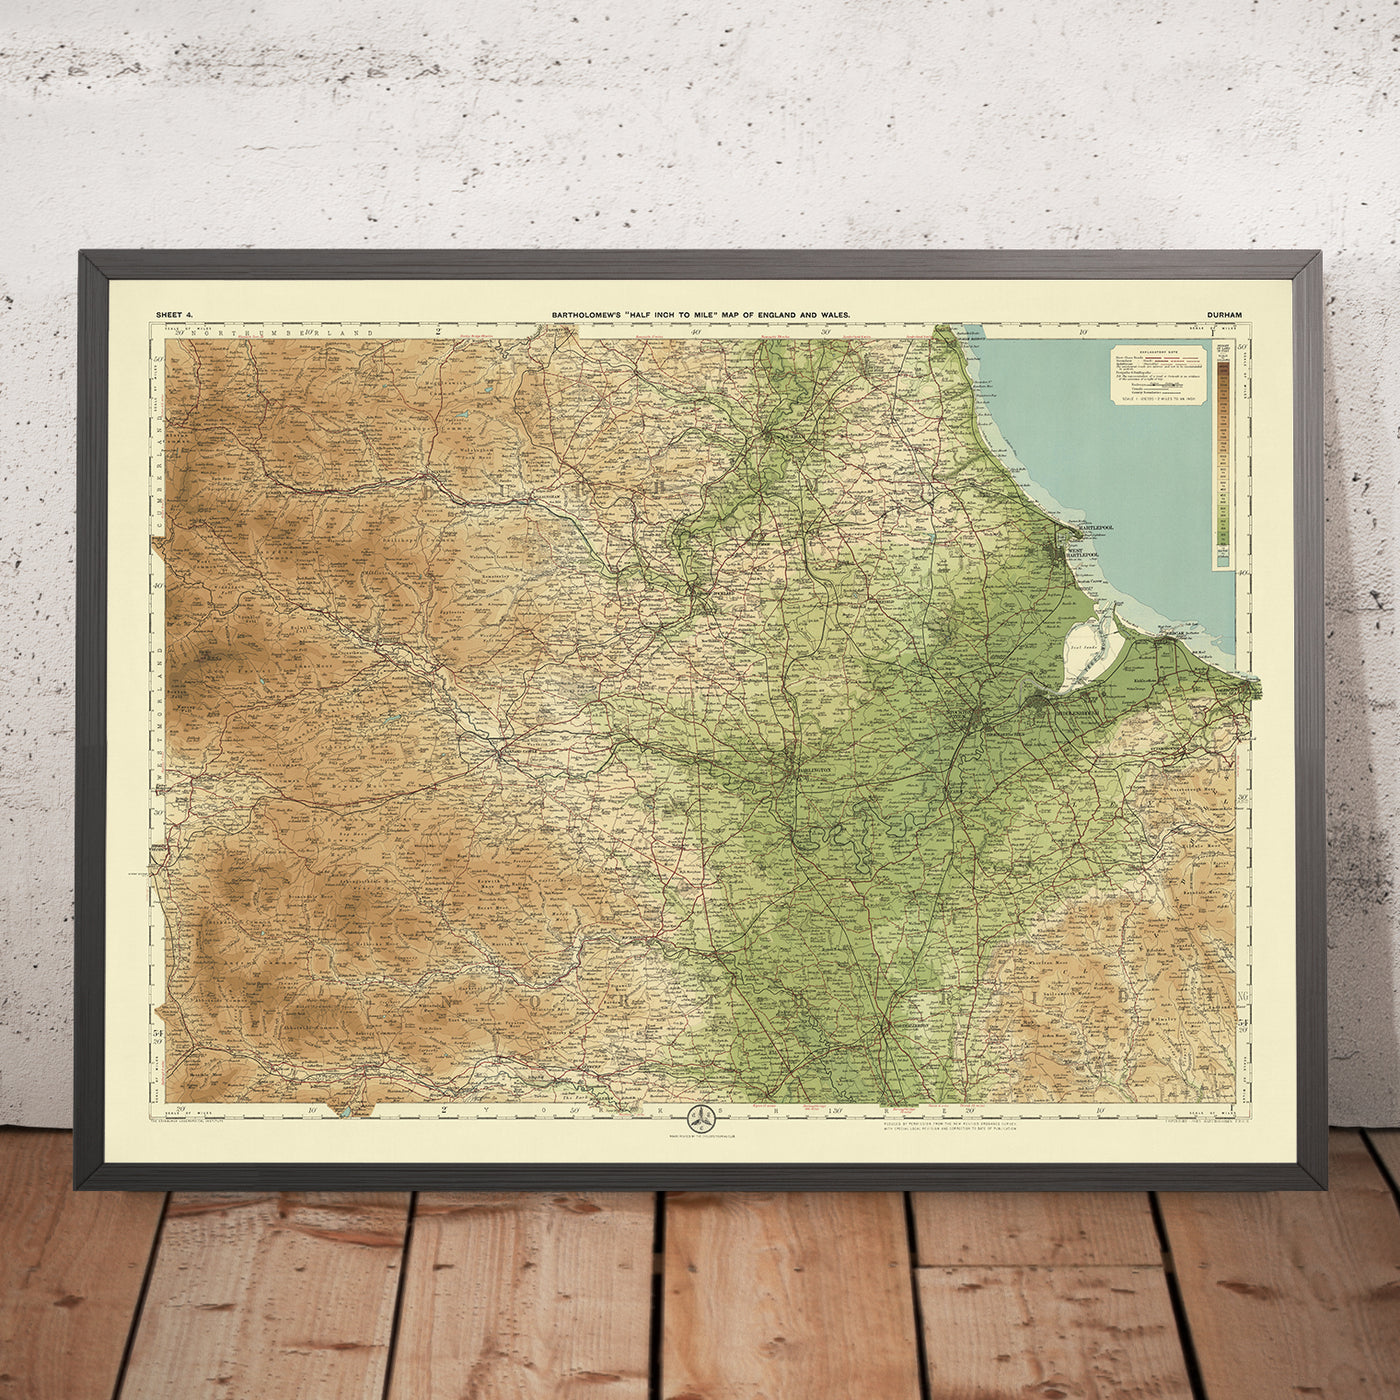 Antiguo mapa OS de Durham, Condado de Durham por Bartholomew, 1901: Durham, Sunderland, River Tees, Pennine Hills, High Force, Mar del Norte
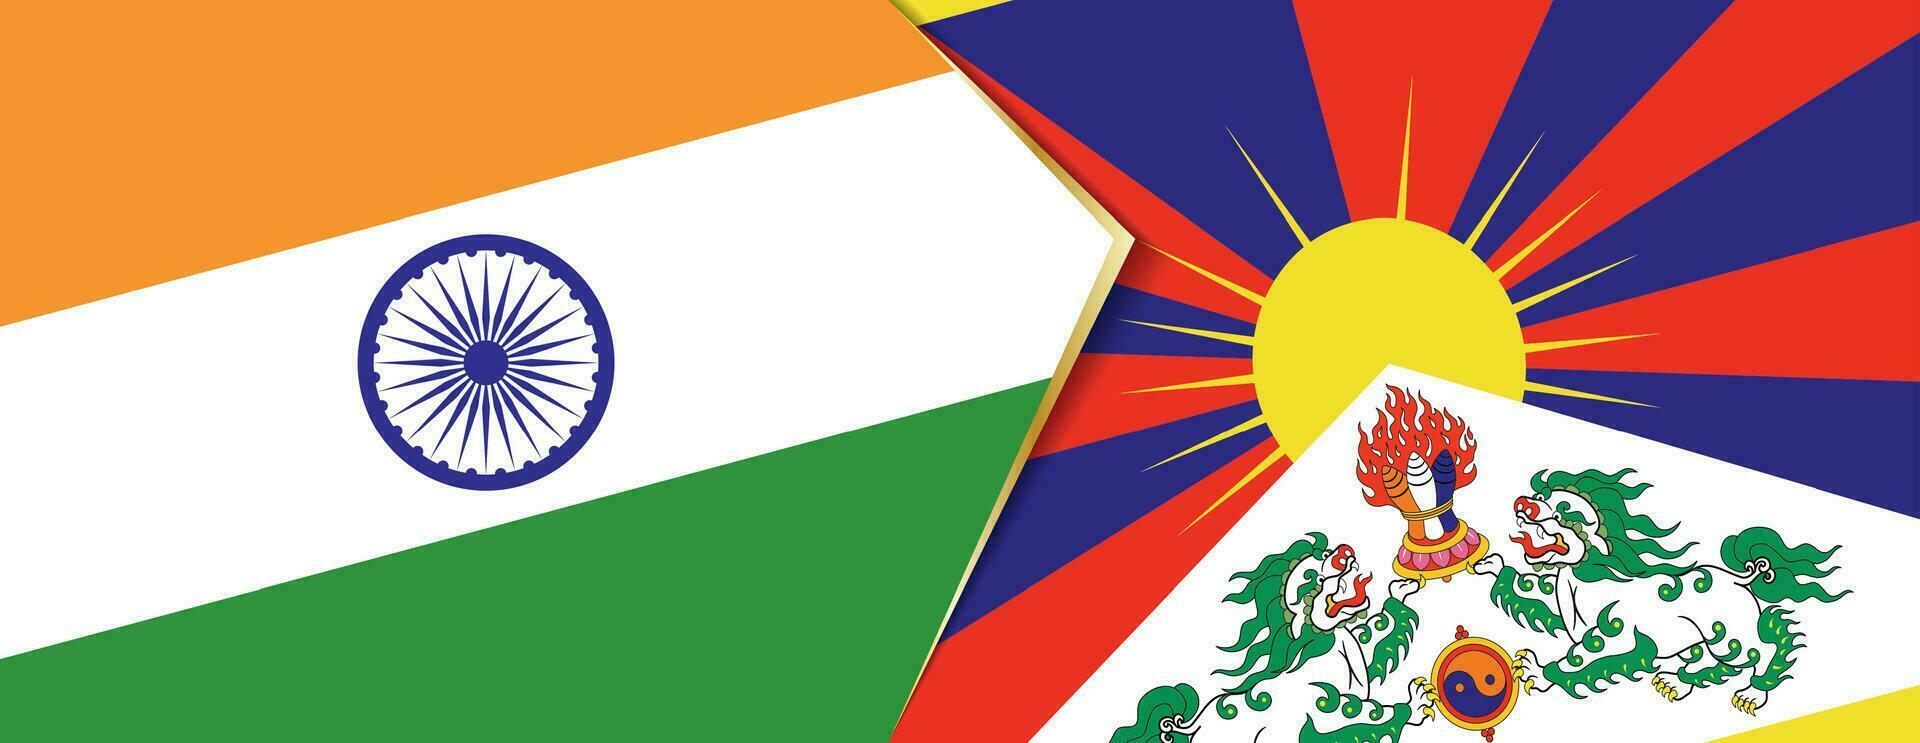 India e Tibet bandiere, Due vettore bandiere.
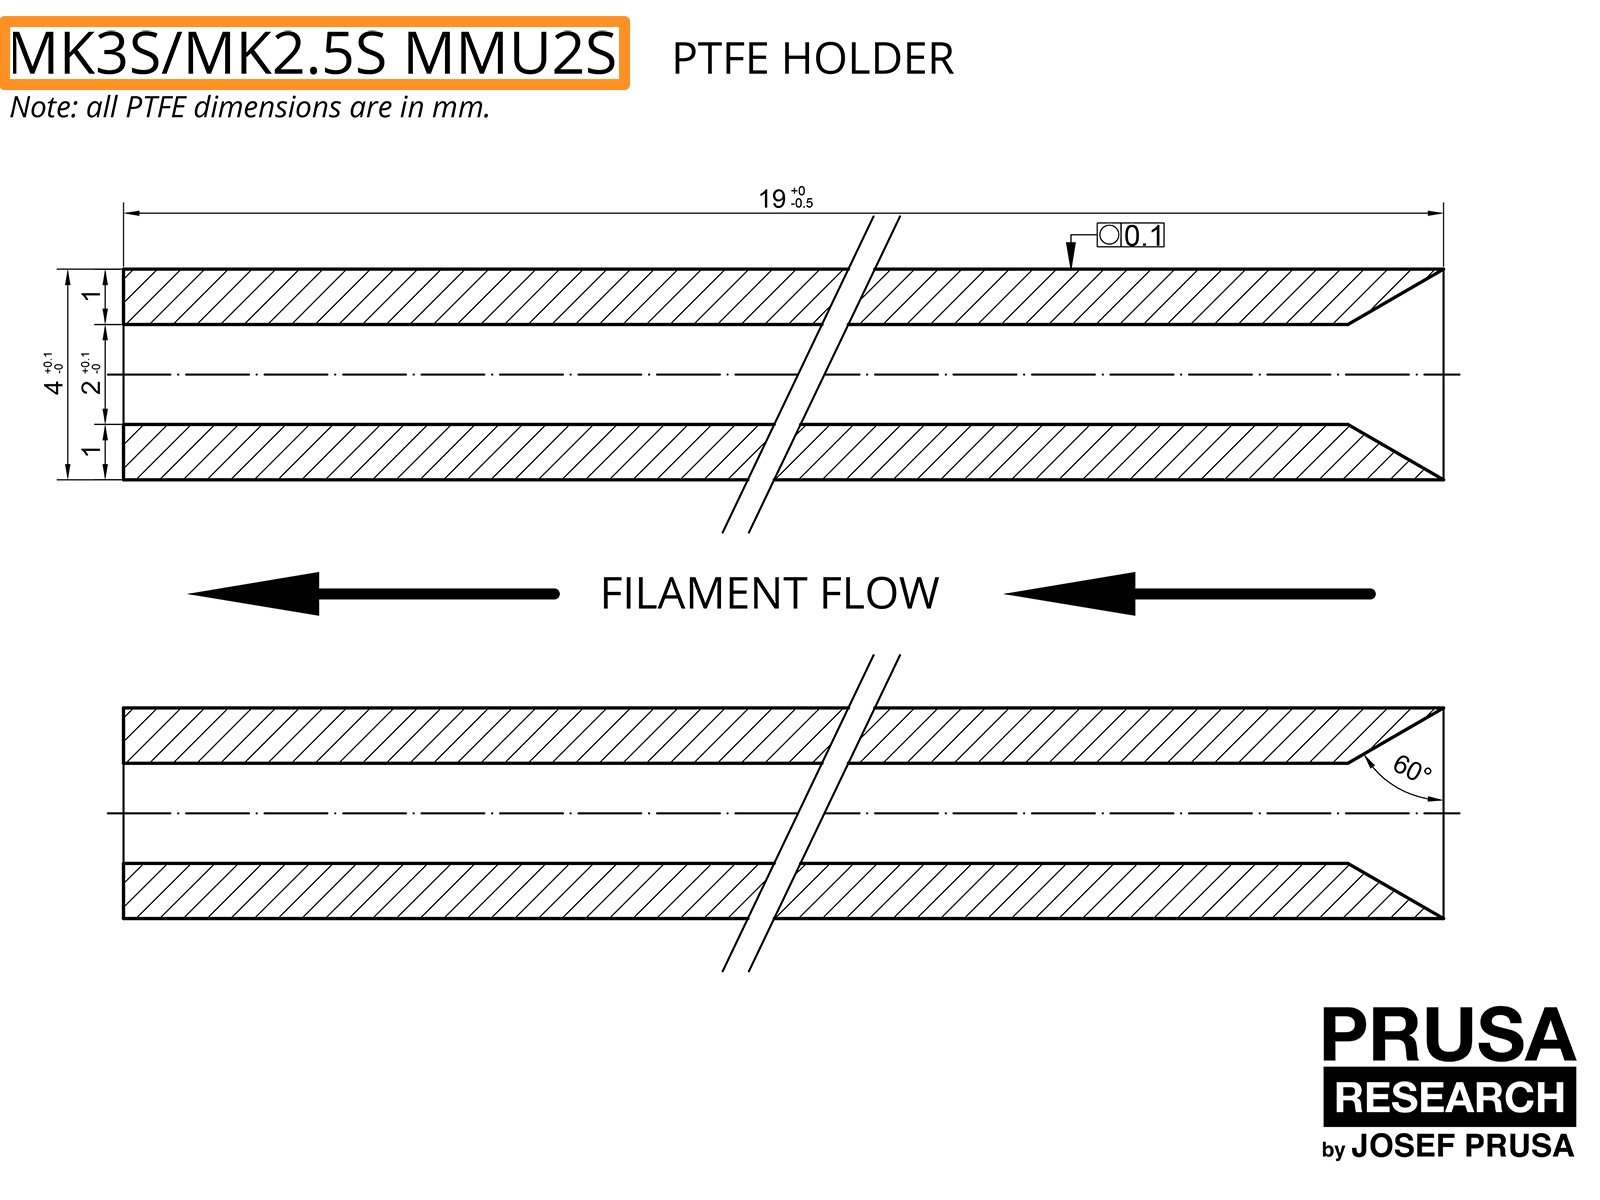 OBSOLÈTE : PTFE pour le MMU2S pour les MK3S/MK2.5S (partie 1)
━━━━━━
Task objective: Copy out the material word for word, without any images.

Your response:
 Antiguo mapa OS de Durham, Condado de Durham por Bartholomew, 1901: Durham, Sunderland, River Tees, Pennine Hills, High Force, Mar del Norte
 India e Tibet bandiere, Due vettore bandiere.
 OBSOLÈTE : PTFE pour le MMU2S pour les MK3S/MK2.5S (partie 1)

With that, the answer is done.